Monday, October 13, 2008


Congratulations to Paul Krugman for winning the 2008 Nobel Price in Economics. Krugman is an op-ed writer for The New York Times as well as a professor of economics at Princeton.

Catherine Rampell writes in The New York Times:

"The prize committee lauded Mr. Krugman for “having shown the effects of economies of scale on trade patterns and on the location of economic activity.” "
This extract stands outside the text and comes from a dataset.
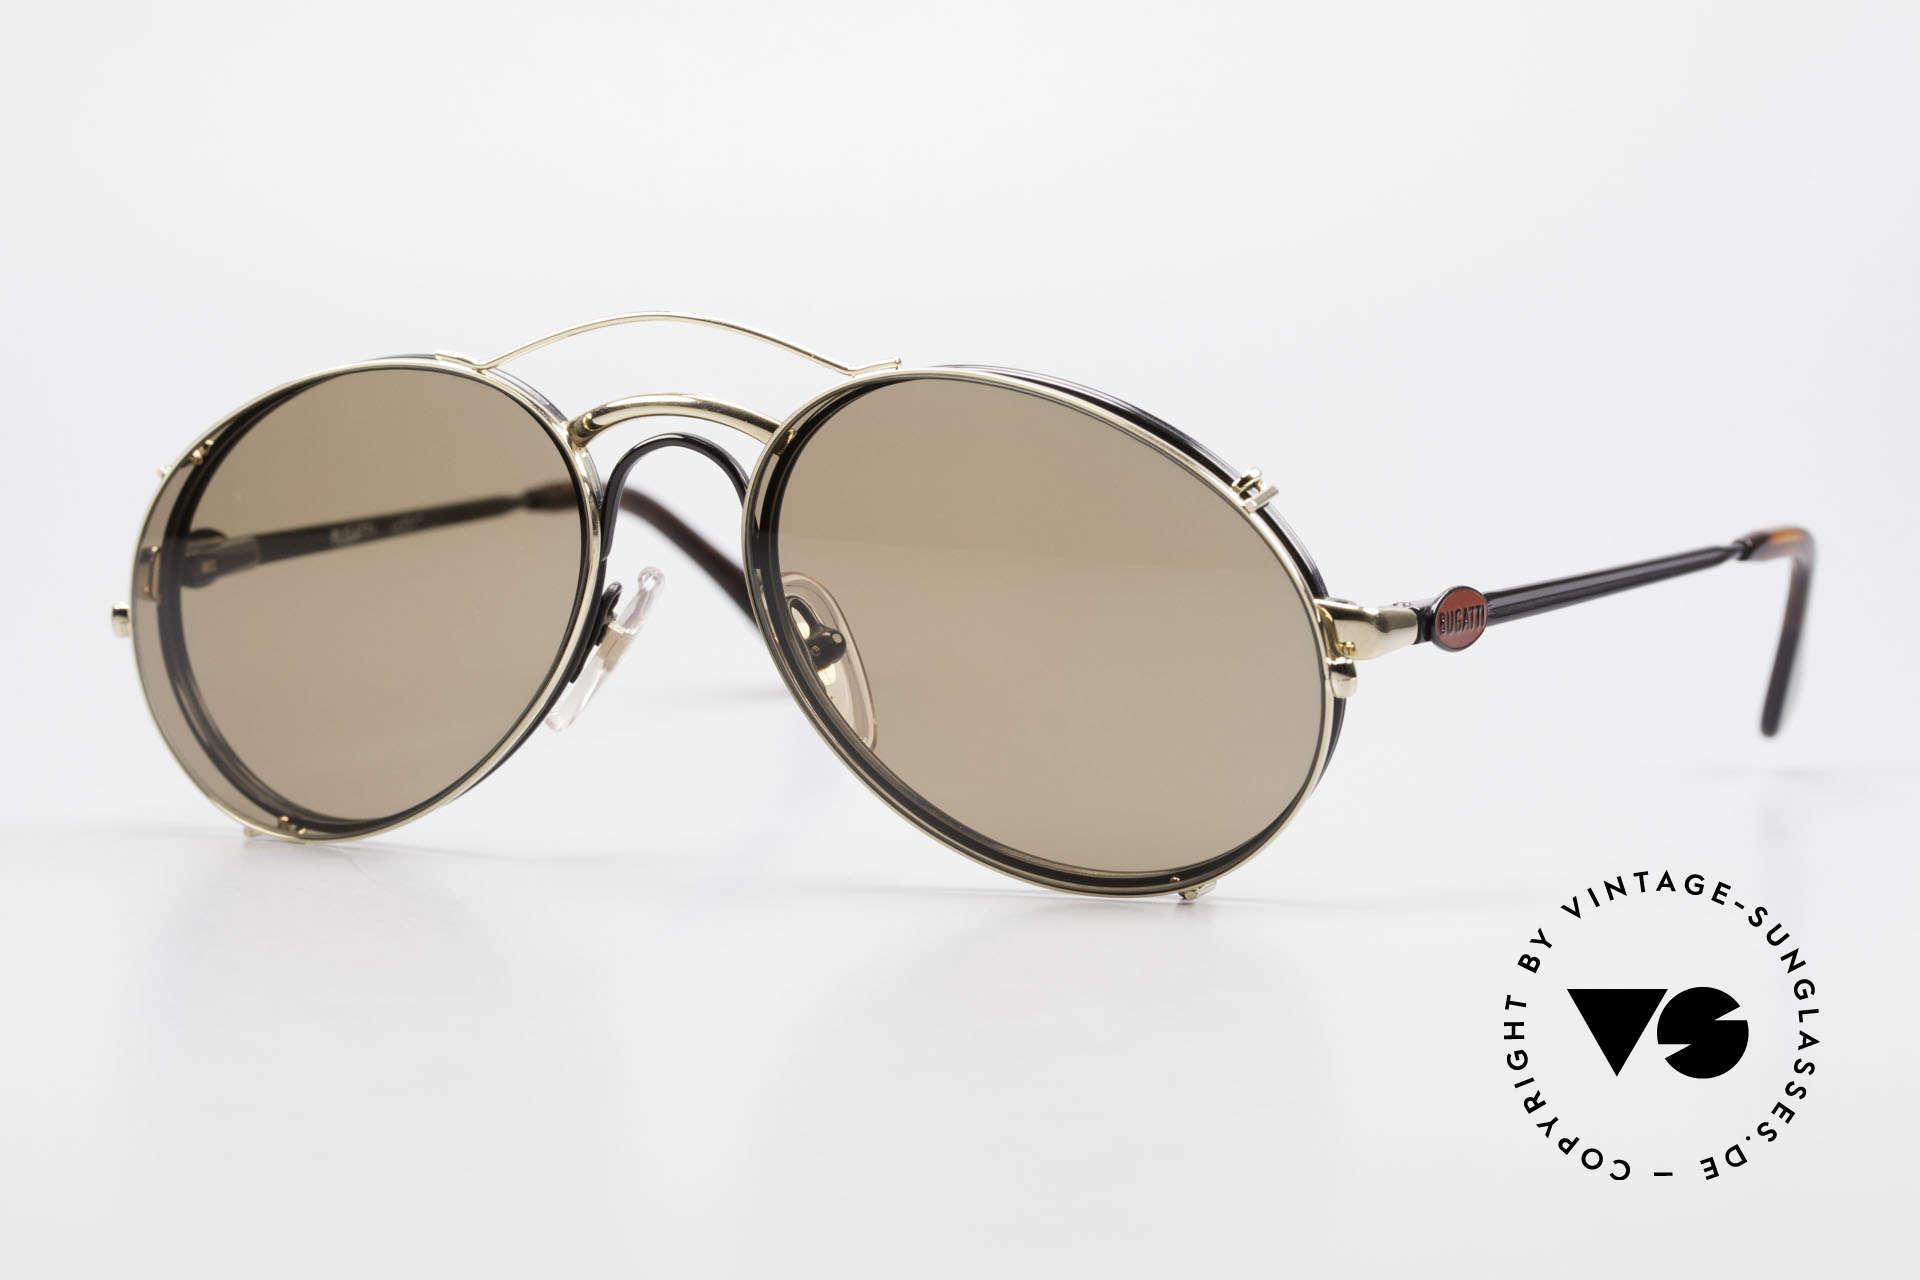 Bugatti 03326 Men's 80's Eyeglasses Clip On, classic vintage Bugatti sunglasses from approx. 1989, Made for Men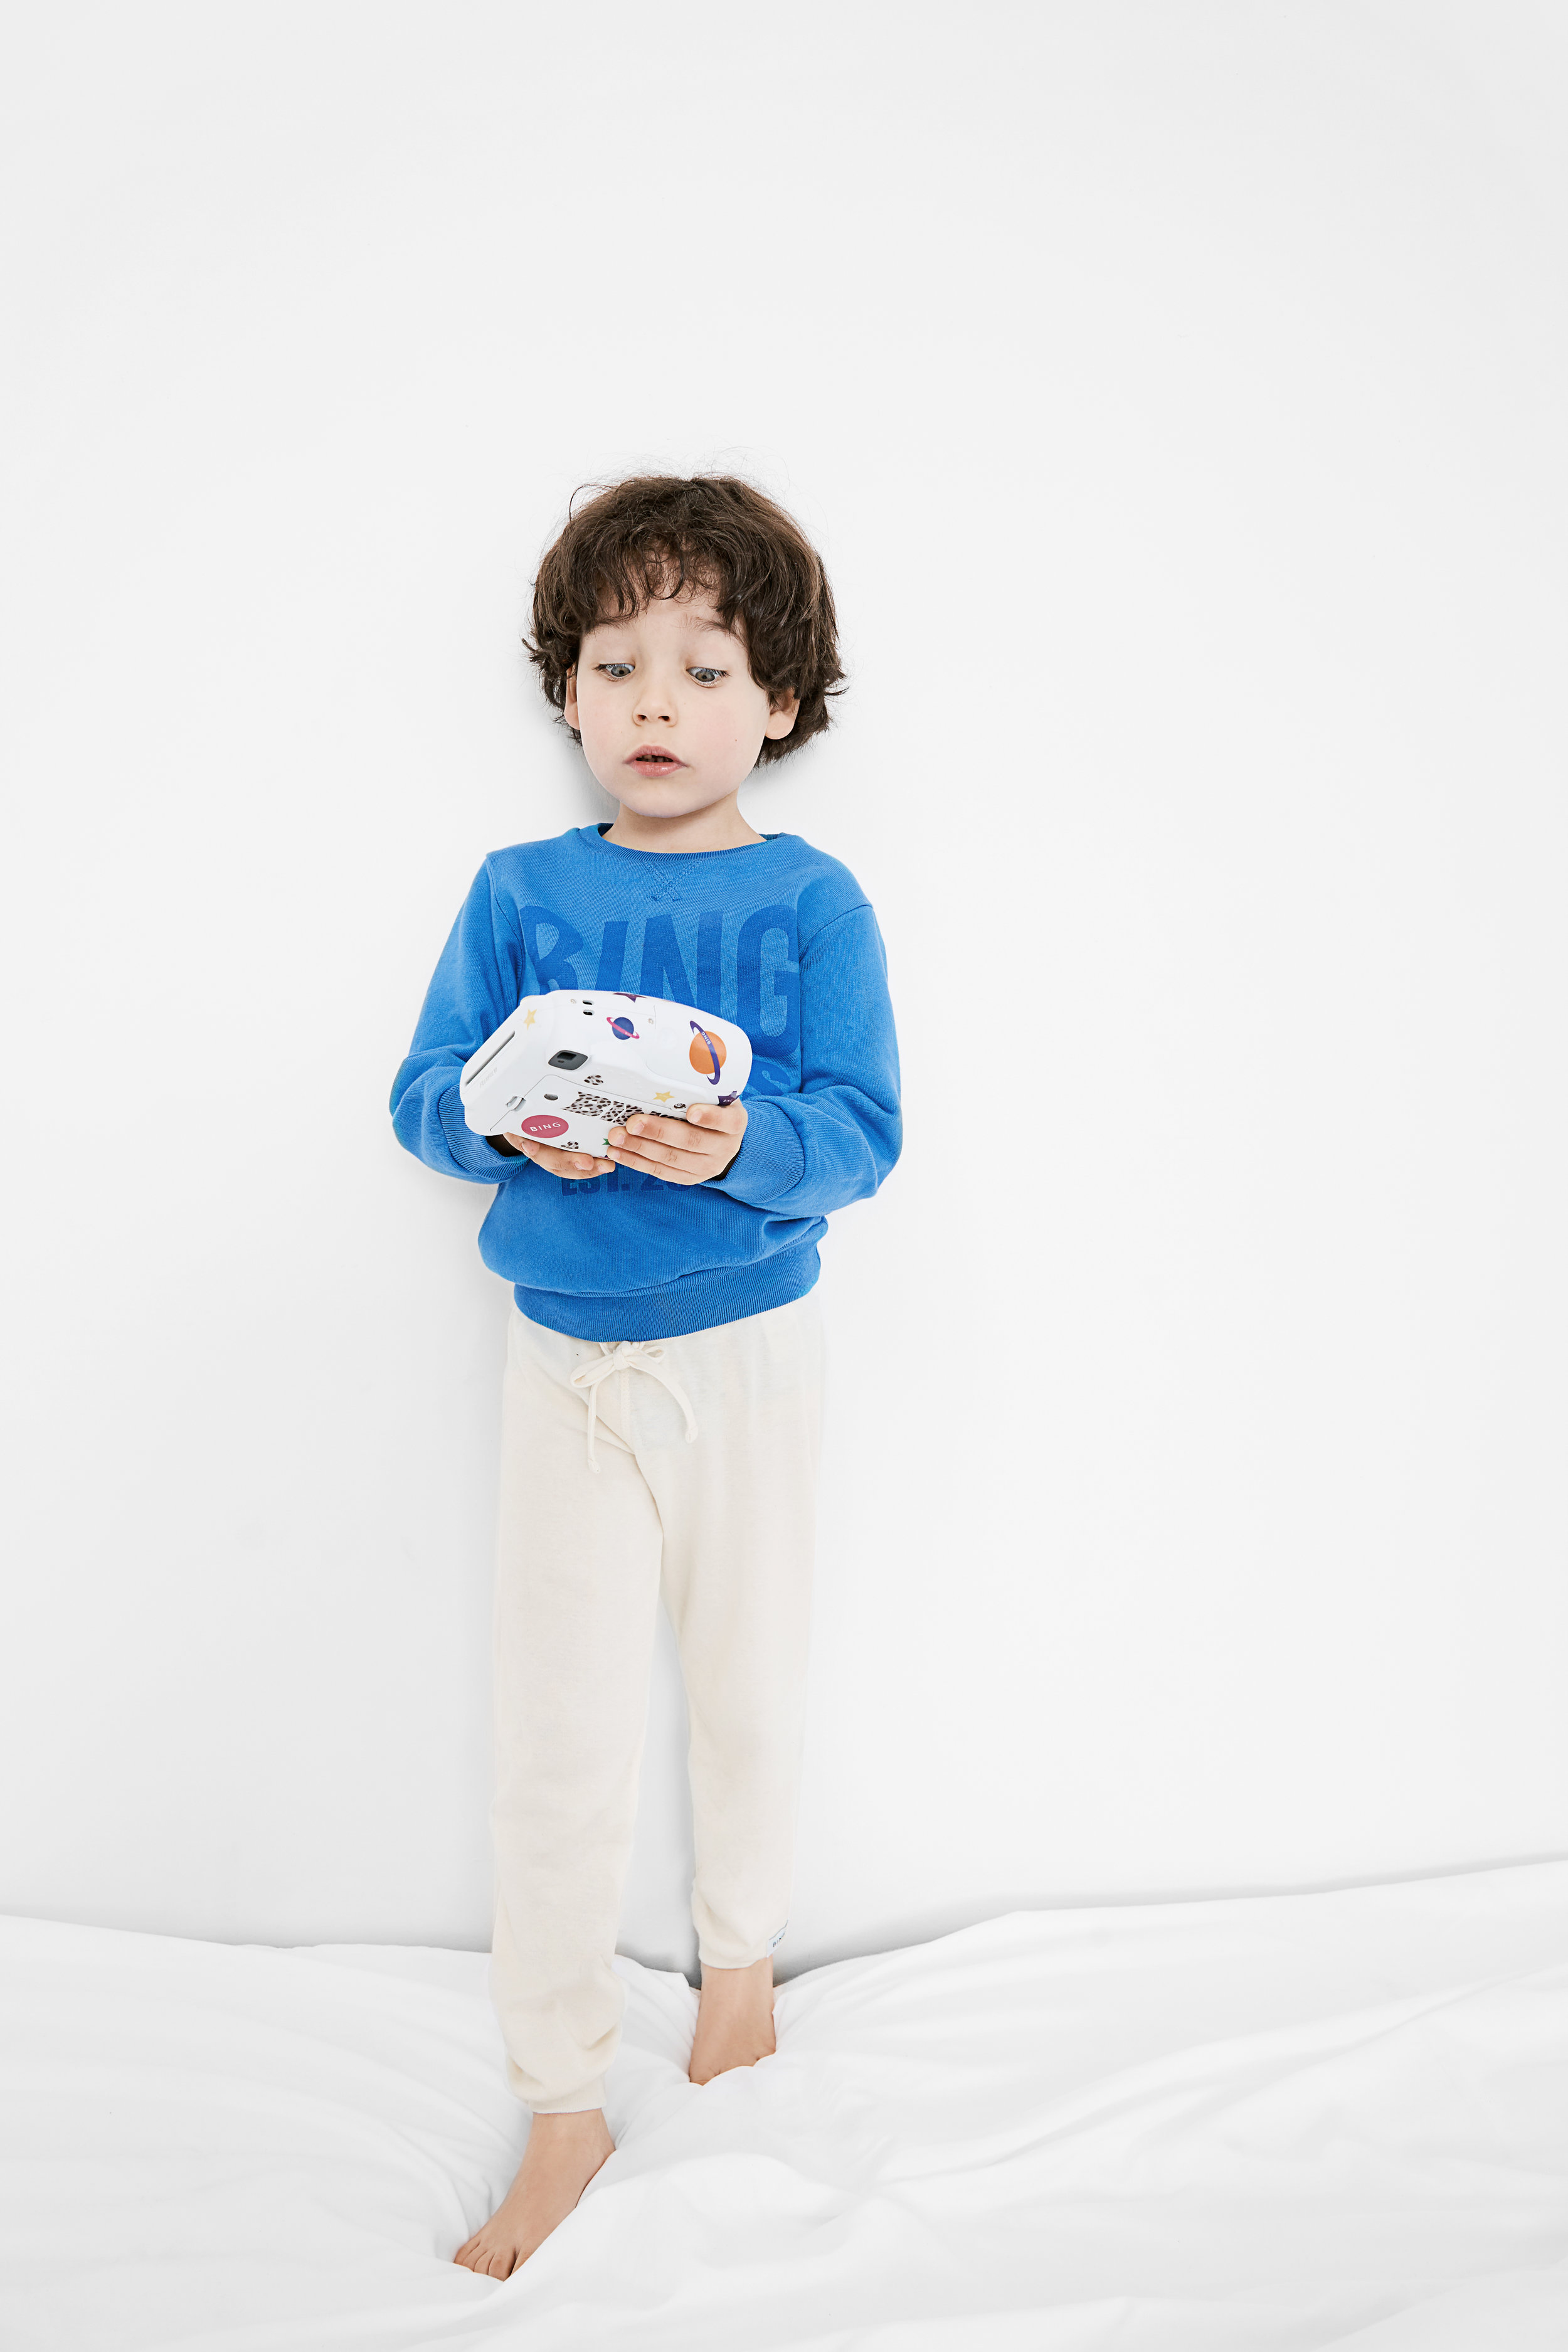 BING-KIDS-SKYLAR-SLEEP-SET-OAT-BK55-001-02_0509.jpg

Paul Krugman is a critic of the laissez-faire policies of the Bush gang, especially when it comes to banks and investment banks. Krugman believes, as I do, that this whole financial mess that has resulted in so many people losing their homes to foreclosure, came about because Bush's cronies failed to apply any meaningful regulation to the mortgage sales practices as well as to the securitization of home mortgages in these "collateralized mortgage obligations."

Reports Rampell:

"Mr. Krugman, 55, is probably more widely known as a perpetual thorn in George Bush’s side from his perch as an Op-Ed page columnist for nearly a decade. His columns have won him both strong supporters and ardent critics. The Nobel, however, was awarded for academic — and less political — research that he conducted primarily before he began regularly writing for The Times."

The Nobel award to Krugman, however, can be seen as a rejection of this Bush free-for-all in the mortgage and securities markets. Bush thinks his legacy will be recognized in time, but the rest of the world has already made its judgment, and it is more a condemnation than a validation.